Update on Regulatory Conditions for Acquisition of i3 Energy Plc
NOT FOR RELEASE, PUBLICATION OR DISTRIBUTION, DIRECTLY OR INDIRECTLY, IN WHOLE OR IN PART IN, INTO OR FROM ANY JURISDICTION WHERE TO DO SO WOULD CONSTITUTE A VIOLATION OF THE RELEVANT LAWS OR REGULATIONS OF SUCH JURISDICTION.
For immediate release
CALGARY, Alberta, Aug. 27, 2024 (GLOBE NEWSWIRE) --
Recommended And Final* Cash And Share Acquisition
of
i3 Energy Plc ("i3 Energy")
by
Gran Tierra Energy Inc. ("Gran Tierra")
to be effected by means of a scheme of arrangement
under Part 26 of the Companies Act 2006
27 August 2024
Update on Regulatory Conditions
On 19 August 2024, the boards of directors of i3 Energy and Gran Tierra announced pursuant to Rule 2.7 of the City Code on Takeovers and Mergers (the "2.7 Announcement") that they had reached agreement on the terms of a recommended and final* cash and share offer by Gran Tierra for i3 Energy pursuant to which Gran Tierra will acquire the entire issued and to be issued share capital of i3 Energy (the "Acquisition"), intended to be effected by means of a Court-sanctioned scheme of arrangement between i3 Energy and i3 Energy Shareholders under Part 26 of the Companies Act (the "Scheme").
Capitalised terms used but not defined in this announcement have the meaning given to them in the 2.7 Announcement, unless the context requires otherwise.

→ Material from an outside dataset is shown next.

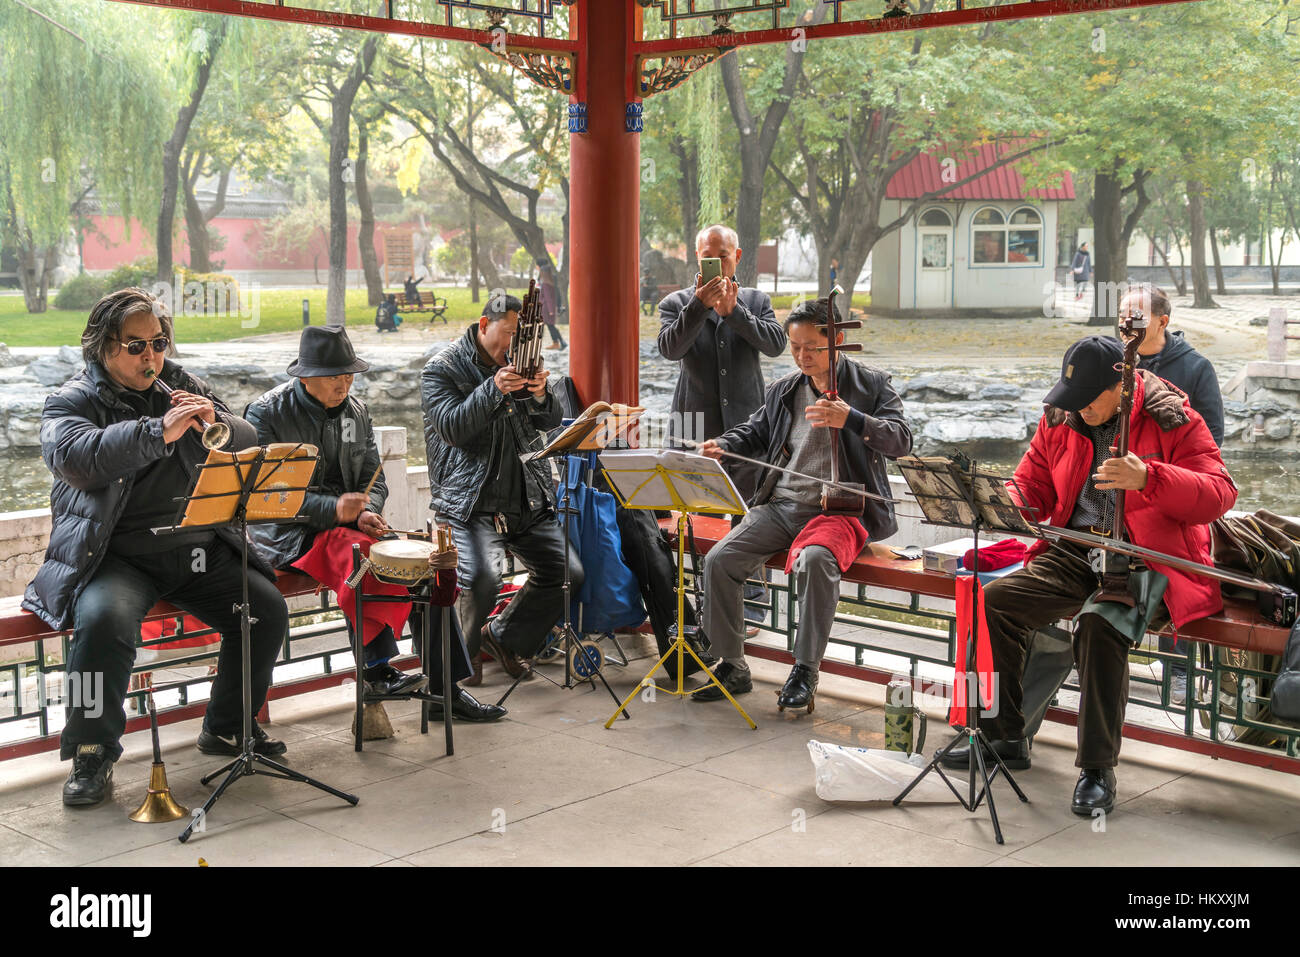 Native musicians with instruments, Ritan Park, Beijing, China Stock Photo

Gran Tierra and i3 Energy are pleased to announce that the advance ruling certificate in respect of the Acquisition under the Competition Act (Canada) has been obtained. As a result, Condition 3(e)(ii) as set out in Part A of Appendix 1 of the 2.7 Announcement has now been satisfied.
The Acquisition will remain subject to certain other Conditions, the approval of the Scheme by the i3 Energy Shareholders, the sanction of the Scheme by the Court, the satisfaction of the NSTA Condition, the Minority Shareholder Protection Condition and the approval of the TSX. The full terms and conditions of the Acquisition will be set out in the Scheme Document which, together with the Forms of Proxy and Forms of Election (and/or where required, Letters of Transmittal) in relation to the Mix and Match Facility, is expected to be published as soon as practicable and in any event within 28 days of the date of the Rule 2.7 Announcement (or such later date as may be agreed by Gran Tierra and i3 Energy with the consent of the Panel). A further announcement will be made as soon as an update is available on satisfaction of the remaining conditions.